- Theatrical release poster
- Directed by: Tarsem Singh
- Written by: Mark Protosevich
- Produced by: Julio Caro; Eric McLeod;
- Starring: Jennifer Lopez; Vince Vaughn; Vincent D'Onofrio; Marianne Jean-Baptiste; Jake Weber; Dylan Baker;
- Cinematography: Paul Laufer
- Edited by: Paul Rubell; Robert Duffy;
- Music by: Howard Shore
- Production company: RadicalMedia
- Distributed by: New Line Cinema (United States); Kinowelt Filmverleih (Germany);
- Release dates: August 18, 2000 (United States); November 23, 2000 (Germany);
- Running time: 107 minutes
- Countries: United States; Germany;
- Language: English
- Budget: $33 million
- Box office: $104.1 million

= The Cell (film) =

2000 film by Tarsem Singh

The Cell is a 2000 science fiction psychological horror film directed by Tarsem Singh in his feature directorial debut, written by Mark Protosevich, and starring Jennifer Lopez, Vince Vaughn, and Vincent D'Onofrio. The film follows a team of scientists as they use experimental technology to help a social worker enter the mind of a comatose serial killer in order to locate where he has hidden his latest kidnap victim. Marianne Jean-Baptiste, Jake Weber, Dylan Baker, Tara Subkoff, and Pruitt Taylor Vince appear in supporting roles.

Protosevich began developing the film in the mid-1990s, and sold the screenplay to New Line Cinema in 1998, at which point Singh became attached as director.
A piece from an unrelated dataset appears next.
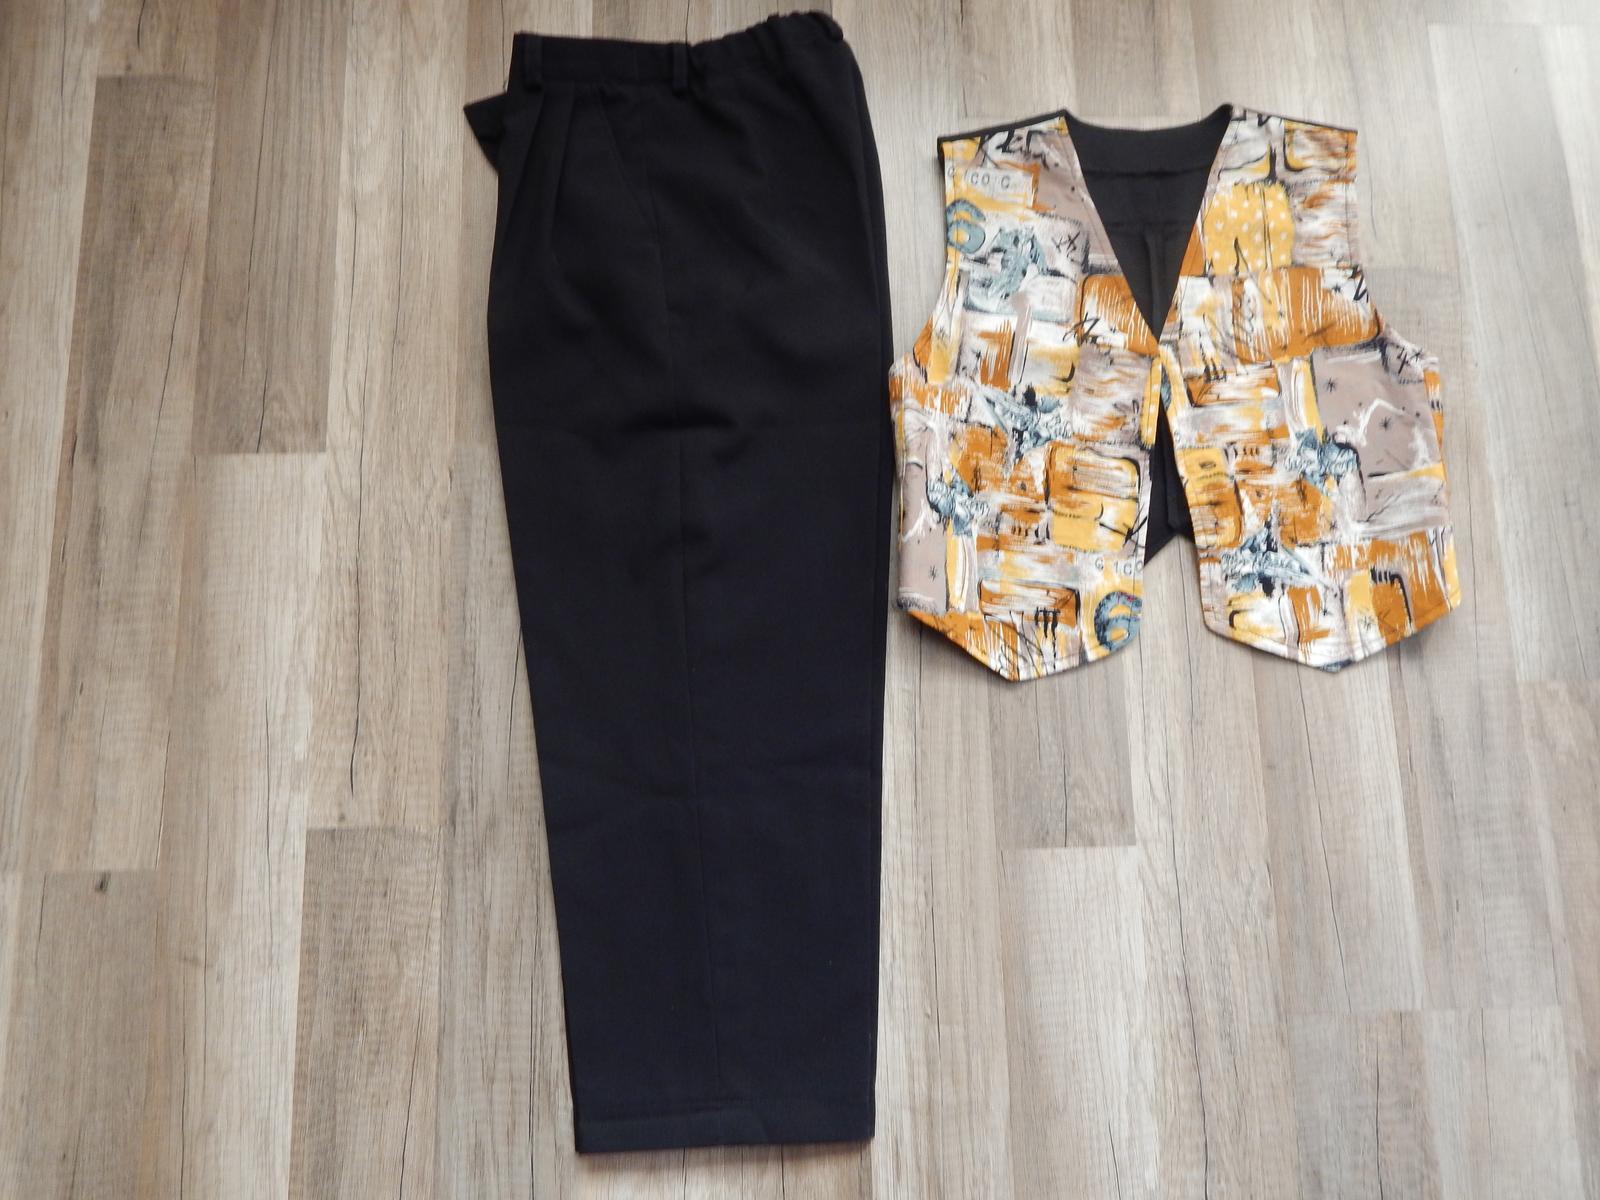 vesta+nohavice - Obrázok č. 1

A co-production between the United States and Germany, The Cell was filmed in 1999 in California, with additional photography occurring in Namibia and Barcelona.

The Cell premiered in the United States in August 2000 and received "deeply divided" reviews from film critics, with some praising the visuals, direction, make-up, costumes and D'Onofrio's performance, and others criticizing the plot, an emphasis on style rather than substance, and masochistic creation. Among the critics who hailed the film was Roger Ebert, who named it one of the ten best films of 2000. It received numerous nominations and awards from various critical associations, including a nomination for the Academy Award for Best Makeup, as well as four Saturn Award nominations. Despite the film's mixed critical response, it was a box office success, grossing over $104 million against a $33 million budget.

==Plot==
Child psychologist Catherine Deane is hired to conduct an experimental virtual reality treatment for coma patients: a "Neurological Cartography and Synaptic Transfer System" device managed by doctors Henry West and Miriam Kent that allows her to enter a comatose mind and attempt to coax them into consciousness. The technology is funded by the parents of her patient, Edward Baines, a young boy left comatose by a viral infection that causes an unusual form of schizophrenia. Baines's progress has been hampered by a bogeyman-like alter ego whom Deane avoids. Despite Deane's lack of progress, West and Kent reject Deane's suggestion to reverse the feed to bring Baines into her mind, fearing the consequences of his experiencing an unfamiliar world.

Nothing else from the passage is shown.